Jane - it very much like the comedy sketch! haha and im never ungrateful for anyone asking how i am, but its hard not too feel sorry for yourself when there is so much arm patting and sympathy flying around for you, know what i mean?
ita all a bit of a jumble of emotions xxxxx
It’s a while since I’ve posted on here. I was just looking for a thread like this - and here it is! I’m feeling that post-treatment low, too. It’s almost a year since I started on this game - I finished my treatment at the end of September, and physically I guess I’m doing fine. Didn’t suffer too much from side-effects, and my hair is growing back - very slowly, like fur, but I quite like it.
I seemed to cope well while it was all happening (I also retired and moved 200 miles to South Devon!) I kinda held on until I got my first appointment with my new onc, but since then… well, I seem to be a ball of worry. One thing was that he said I was E- and only barely P+, so although I “might as well stay on the Arimedex” it probably isn’t doing much. So now I’m wondering if that means I’m “almost” triple-neg, or whether the little bit of P+ means it’s a different histology (I also read that it’s rare to be genuinely E- but P+, it’s usually a mistake!)
The other thing is that I never felt my lump - it was 1.2cm - the only way I knew it was there was when it hit my lymph glands, and the one infected swelled up like a tennis ball. Now I’ve lost confidence in my own ability to detect a lump by self-examination. “Is that a lump, or is it a rib? Oh b*gger, that one’s just a mole…” Made worse by the fact that I have a duct ectasia in the other breast, which is often a bit sore.
So what with one thing and another, I’m feeling less than my usual cheery self. But I knew I could come on here and moan, it being the one place people will understand how I feel!
Hello everybody,
I was pleased to find this thread because its what Ive been asking myself.
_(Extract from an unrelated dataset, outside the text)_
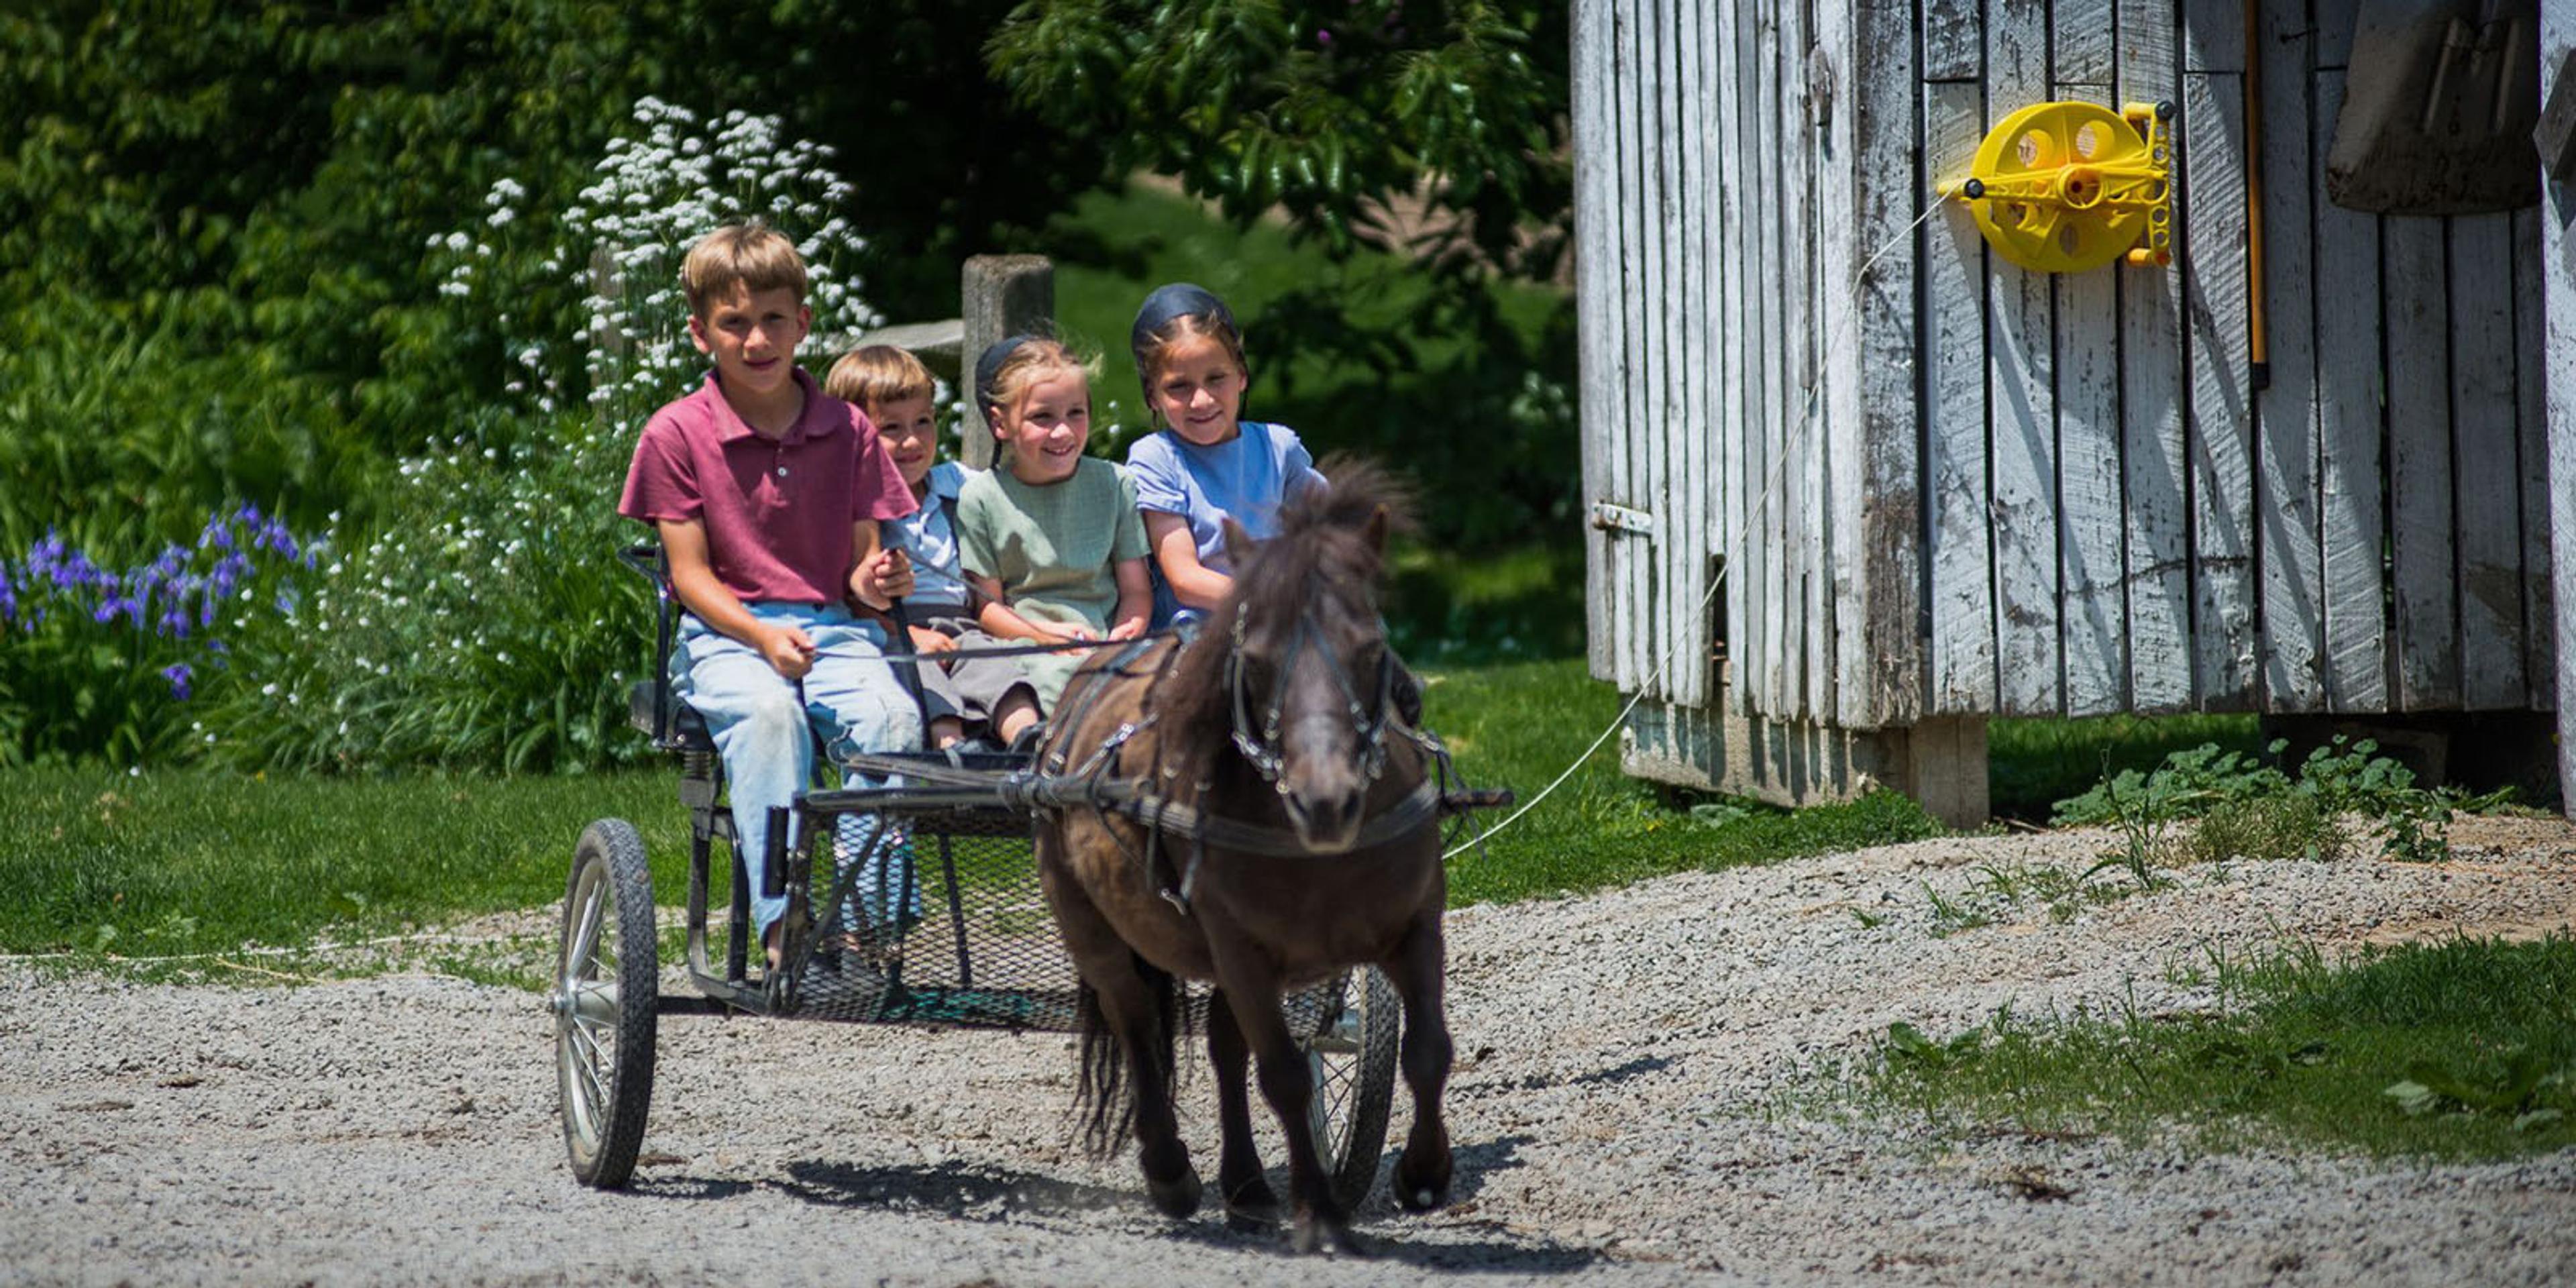 A miniature horse pulls children in a cart.

It`s as if I got plenty of information during treatment, but was left to get on with it afterwards.I finished chemo and radiation in August 2009.I am currently living in the USA, where the treatment was more or less identical to what it would have been in the UK.During chemo I felt as if my emotions were constantly surpressed, I never felt completely happy, just sort of “zombieish”, and it is taking a while to come out of that.I couldnt think ahead, and it is taking a while to get the feeling back that good things can happen as well as bad.I also found the hair loss very traumatic on a very fundamental level, as if I was being punished for something, which is crazy thinking!It is now about an inch and a half, but I will be so glad when I can no longer identify it with the chemo.I like the suggestion of joining a support group to help with “moving on”, and may make it a New Year resolution.Love to you all and a Happ(ier) 2010!